# Blue Diamond Growth Measurement



## balluupnetme (Oct 23, 2006)

received him in Dec 2010 @ 4"

after 5 months May 2011 he's 5"

I managed to take a quick video you can hear the chompers !


----------



## serrasalmus_ve (Feb 12, 2008)

Nice fish


----------



## roidrage03 (Aug 15, 2010)

where did you get this guy? AS or AE if i may ask. hah.


----------



## balluupnetme (Oct 23, 2006)

roidrage03 said:


> Nice fish


thanks, but I have him up for sale


----------



## Sylar_92 (Dec 15, 2010)

Nice fish looks like the one I have, mines about 4.5 ". Is that a custom net or did you buy it? If you bought it what brand is that?


----------



## balluupnetme (Oct 23, 2006)

Sylar_92 said:


> Nice fish looks like the one I have, mines about 4.5 ". Is that a custom net or did you buy it?

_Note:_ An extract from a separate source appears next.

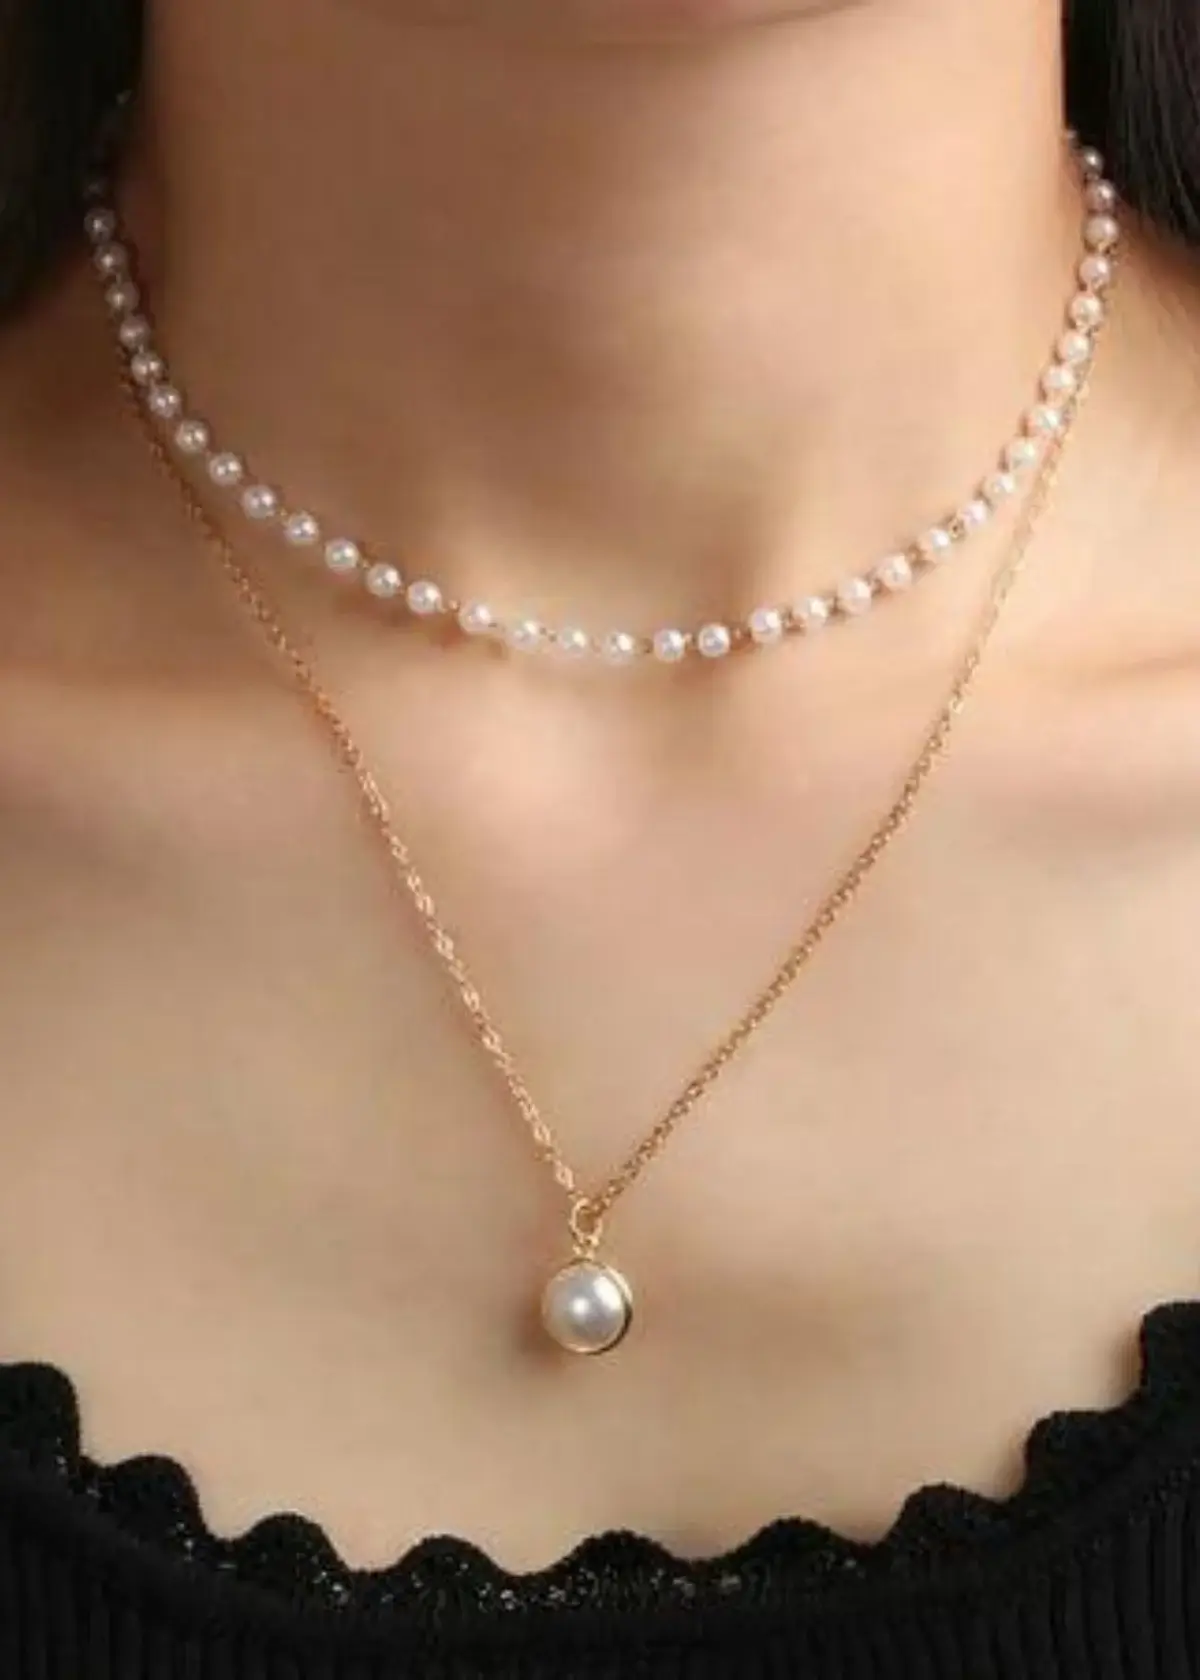 How to Choose the Right Tiny Pearl Necklace?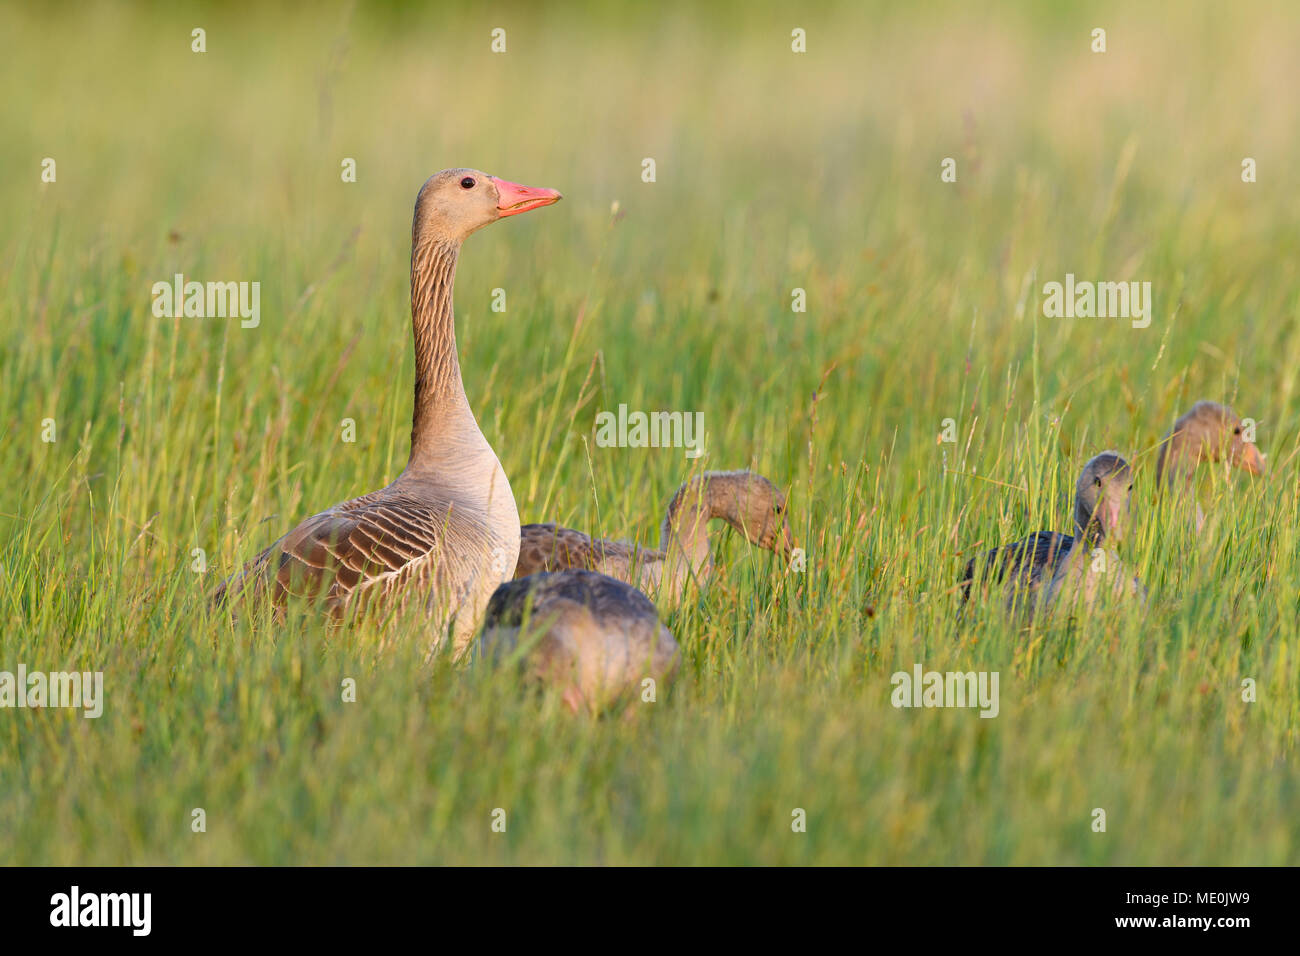 Female greylag goose (Anser anser) with her young offspring standing in a grassy field at Lake Neusiedl in Burgenland, Austria Stock Photo

If you bought it what brand is that?


thanks, I bought the net from petco


----------



## Smoke (Sep 8, 2010)

Looks nice, starting to darken up


----------



## balluupnetme (Oct 23, 2006)

Smoke said:


> Looks nice, starting to darken up


Thanks, it looks lighter in the tank I think because of the light colored sand


----------



## Piranha-Freak101 (Dec 8, 2010)

Very nice rhom


----------



## balluupnetme (Oct 23, 2006)

thanks


----------



## phensway (Apr 7, 2003)

Thats pretty good growth for a serra in 5 months


----------



## balluupnetme (Oct 23, 2006)

yea...even though I fed it everyday, thanks


----------



## salvo85 (Jul 25, 2010)

amazing blu diamond rhom








congrats


----------